Anthropic always goes on and on about how their models are world changing and super dangerous like every single time they make something new they say its going to rewrite everything and scary lmao
funny because they do it every time like clockwork acting like their ai is a thunderstorm coming to wipe out the world
You say this like it's a bad thing, but wouldn't you rather they overindex on the danger of their models?
That’s not what they are doing. They are just hyping up the product - and, no doubt, trying to foster a climate of awe so that when they ask their friends in Washington to legislate on their behalf, the environment is more receptive.
They do tend to make a lot of noise about it for the PR, but at the same time the actual safety research they present seems to be relatively grounded in practical reality, e.g. the quote someone posted here about how the Mythos model apparently has a tendency to try to bypass safety systems if they get in the way of what it has been asked to do.
Sure, a big part of this is PR about how smart their model apparently is, but the failure mode they're describing is also pretty relevant for deploying LLM-based systems.
Every single time, really?

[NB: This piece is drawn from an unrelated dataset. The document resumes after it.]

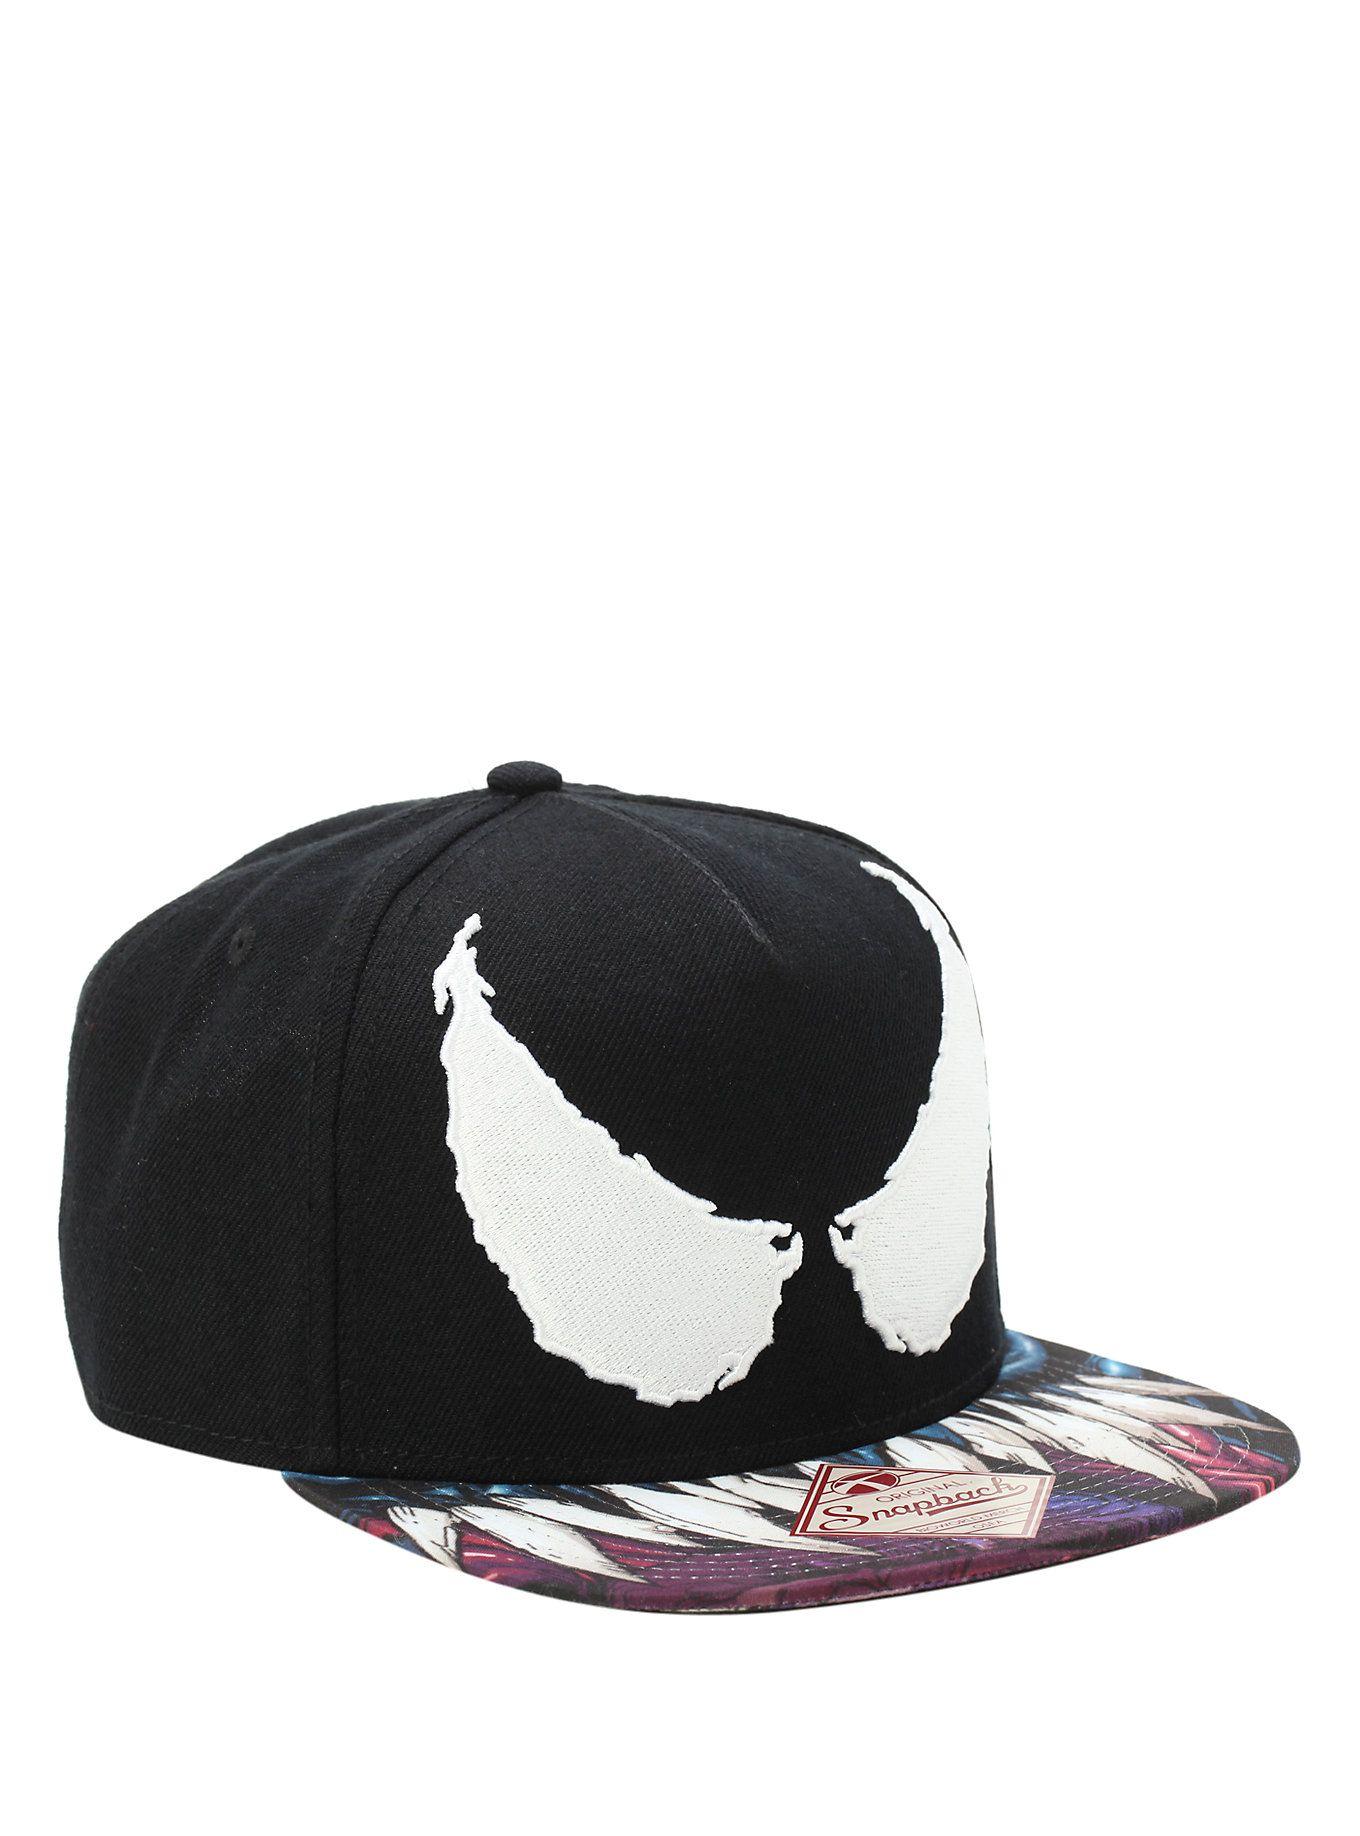 Hats Cool Hats For Men Women Accessories Cool Hats Hats For Men Snapback Hats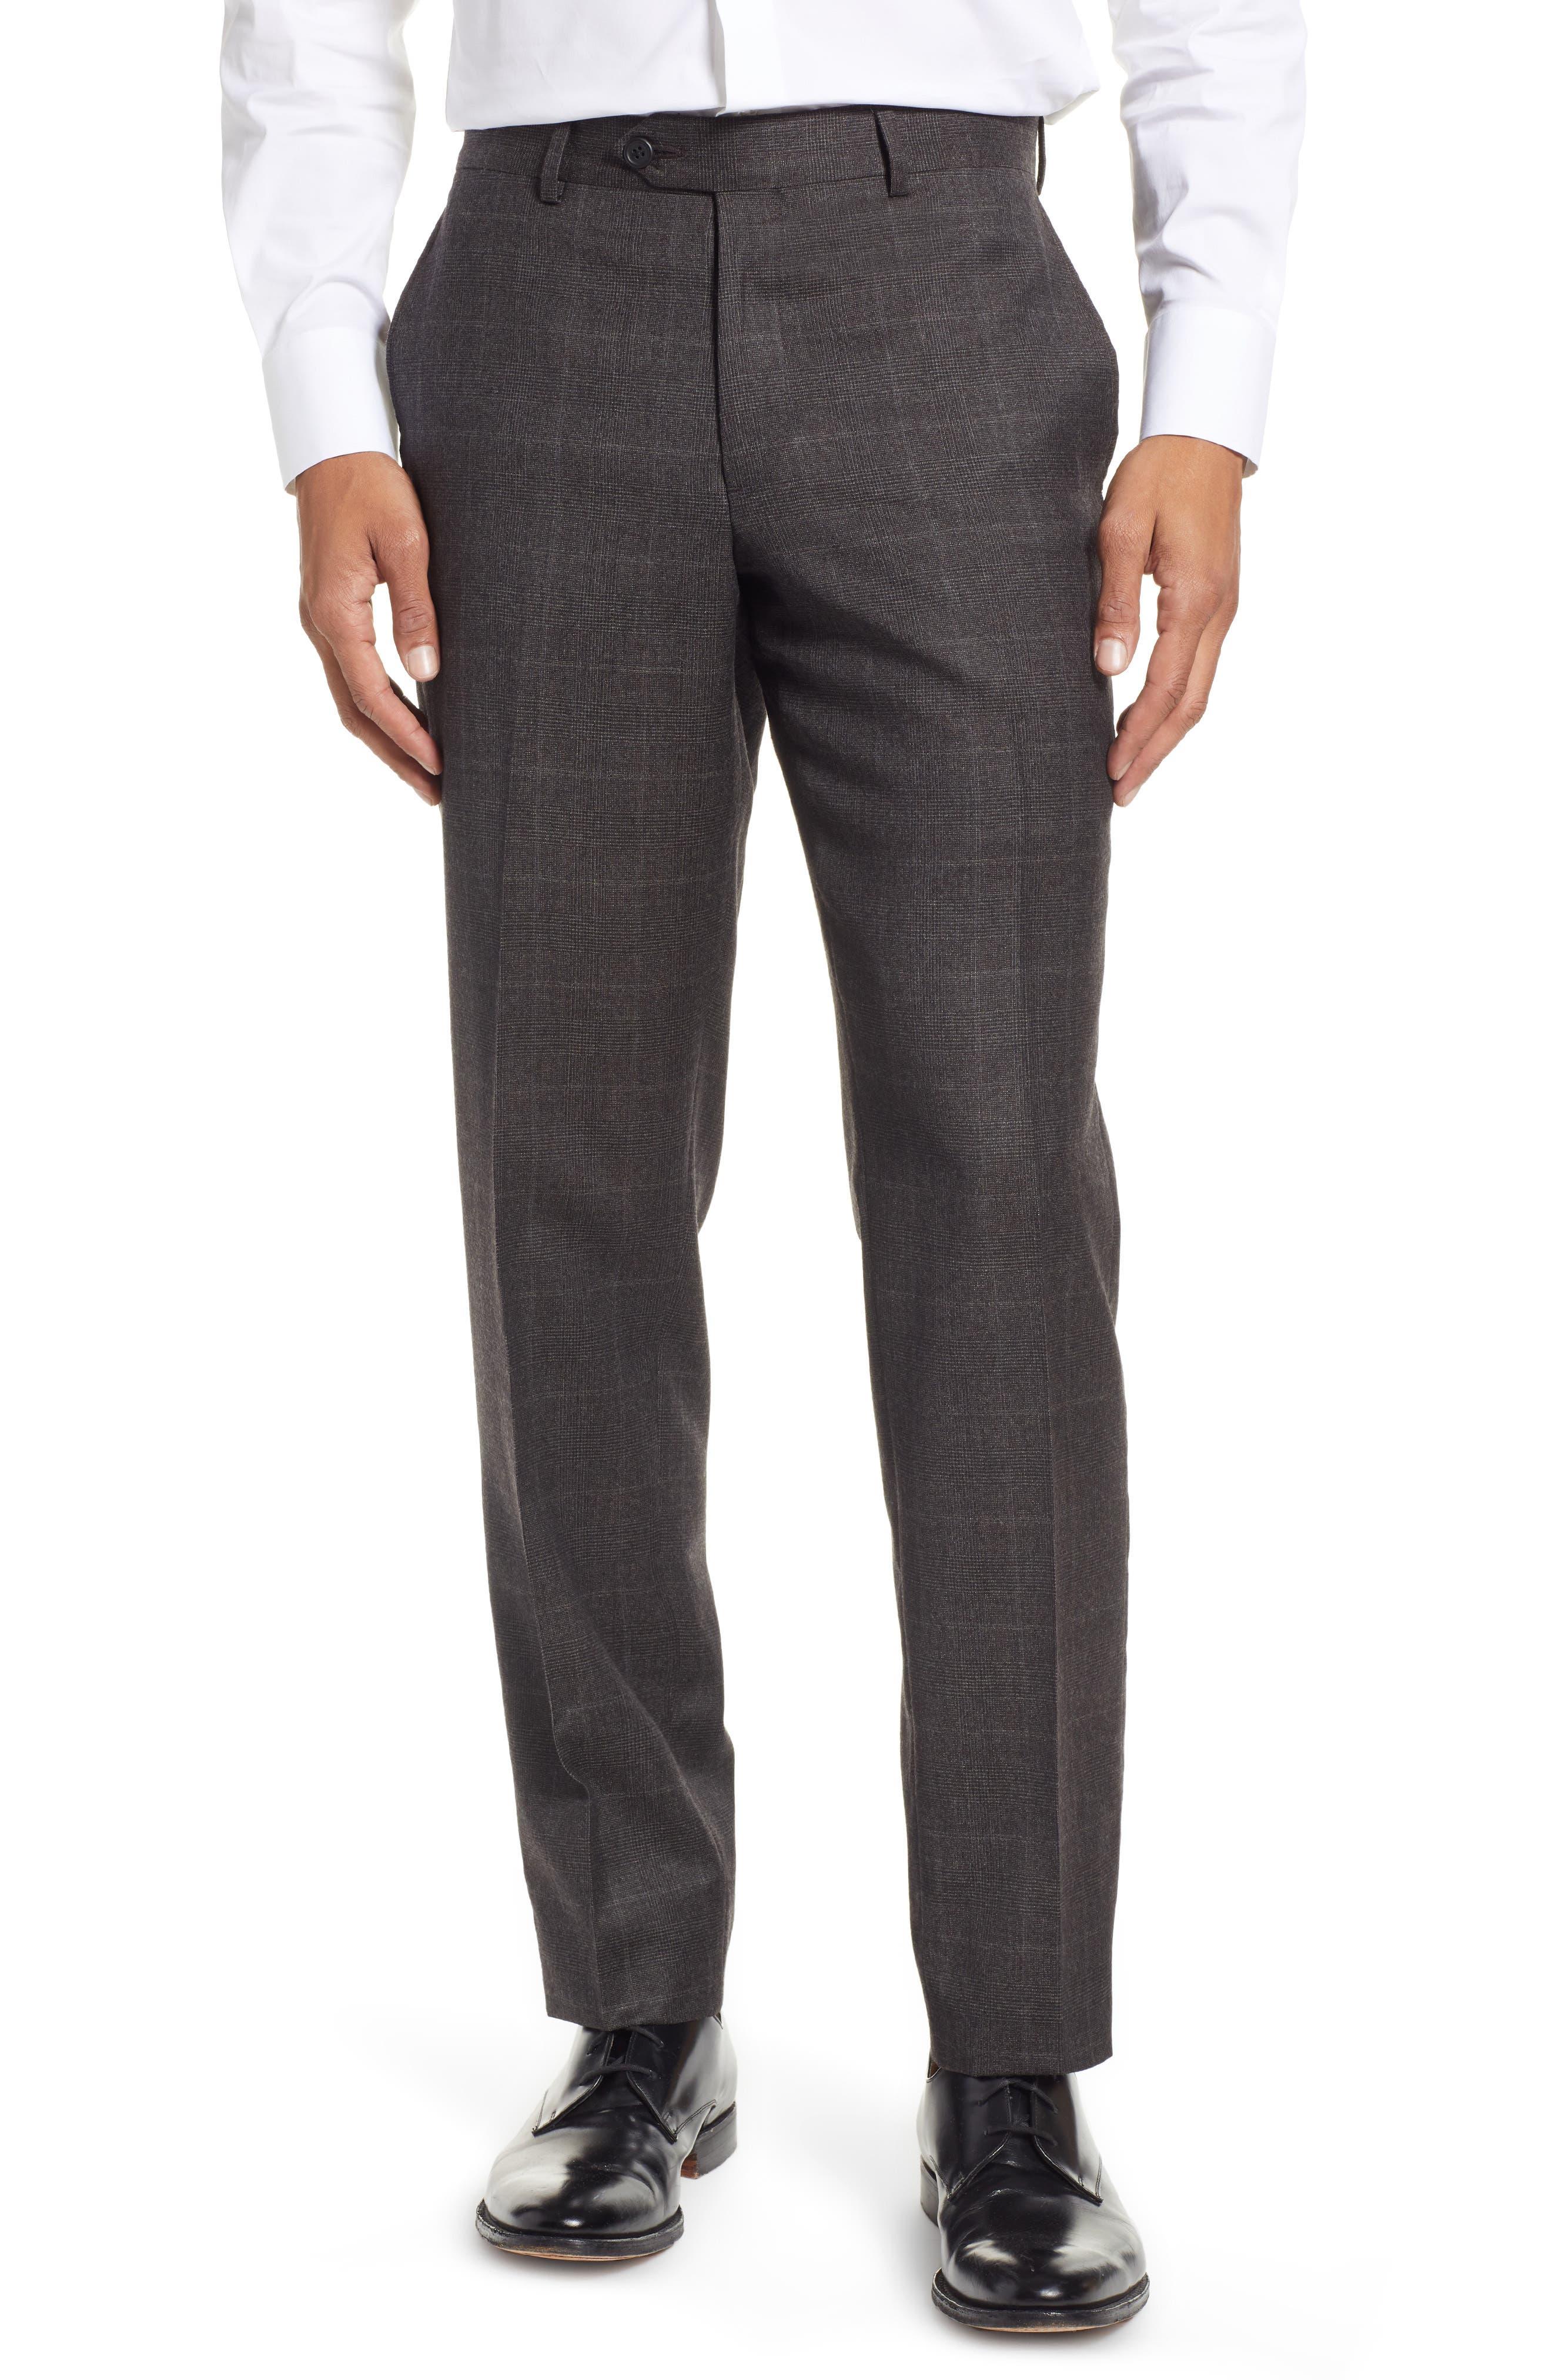 Trim Fit Flat Front Wool Trousers,                             Main thumbnail 1, color,                             BLACK

When did they said that the last time?
I also don't recall they ever limited their models to selective groups.
If there are advancements, they have to be described somehow.
What if the capability advancements are real and they warrant a higher level of concern or attention?
Are we just going to automatically dismiss them because "bro, you're blowing it up too much"
Either way these improvements to capabilities are ratcheting along at about the pace that many people were expecting (and were right to expect). There is no apparent reason they will stop ratcheting along any time soon.
The rational approach is probably to start behaving as if models that are as capable as Anthropic says this one is do actually exist (even if you don't believe them on this one). The capabilities will eventually arrive, most likely sooner than we all think, and you don't want to be caught with your pants down.
I believe advancements sure. But it is a very boy who cried wolf situation for some of these. There are other companies that behave less in this way, Antrhopic seem very unique in that they love making every single release a world ender
Altman called GPT-2 "too dangerous to release". Google tends to be much more measured even though they're the ones who tend to release the actual research breakthroughs
> they love making every single release a world ender
You've said this a couple of times, but it doesn't match my recollection, and I get the impression you're basically making it up based on vibes. (Please prove me wrong, though.)
Their last major frontier release was Opus 4.6, and the release announcement was... very chill about safety: https://www.anthropic.com/news/claude-opus-4-6#a-step-forwar...
"We want to see risks in the models, so no matter how good the performance and alignment, we’ll see risks, results and reality be damned."
i mean, to be fair, these are professional researchers.
i'm very inclined to trust them on the various ways that models can subtly go wrong, in long-term scenarios
for example, consider using models to write email -- is it a misalignment problem if the model is just too good at writing marketing emails?? or too good at getting people to pay a spammy company?
another hot use case: biohacking. if a model is used to do really hardcore synthetic chemistry, one might not realize that it's potentially harmful until too late (ie, the human is splitting up a problem so that no guardrails are triggered)
"for example, consider using models to write email -- is it a misalignment problem if the model is just too good at writing marketing emails?? or too good at getting people to pay a spammy company?"
But who gets to be the judge of that kind of "misalignment"? giant tech companies?
Might makes right; brains hold reigns.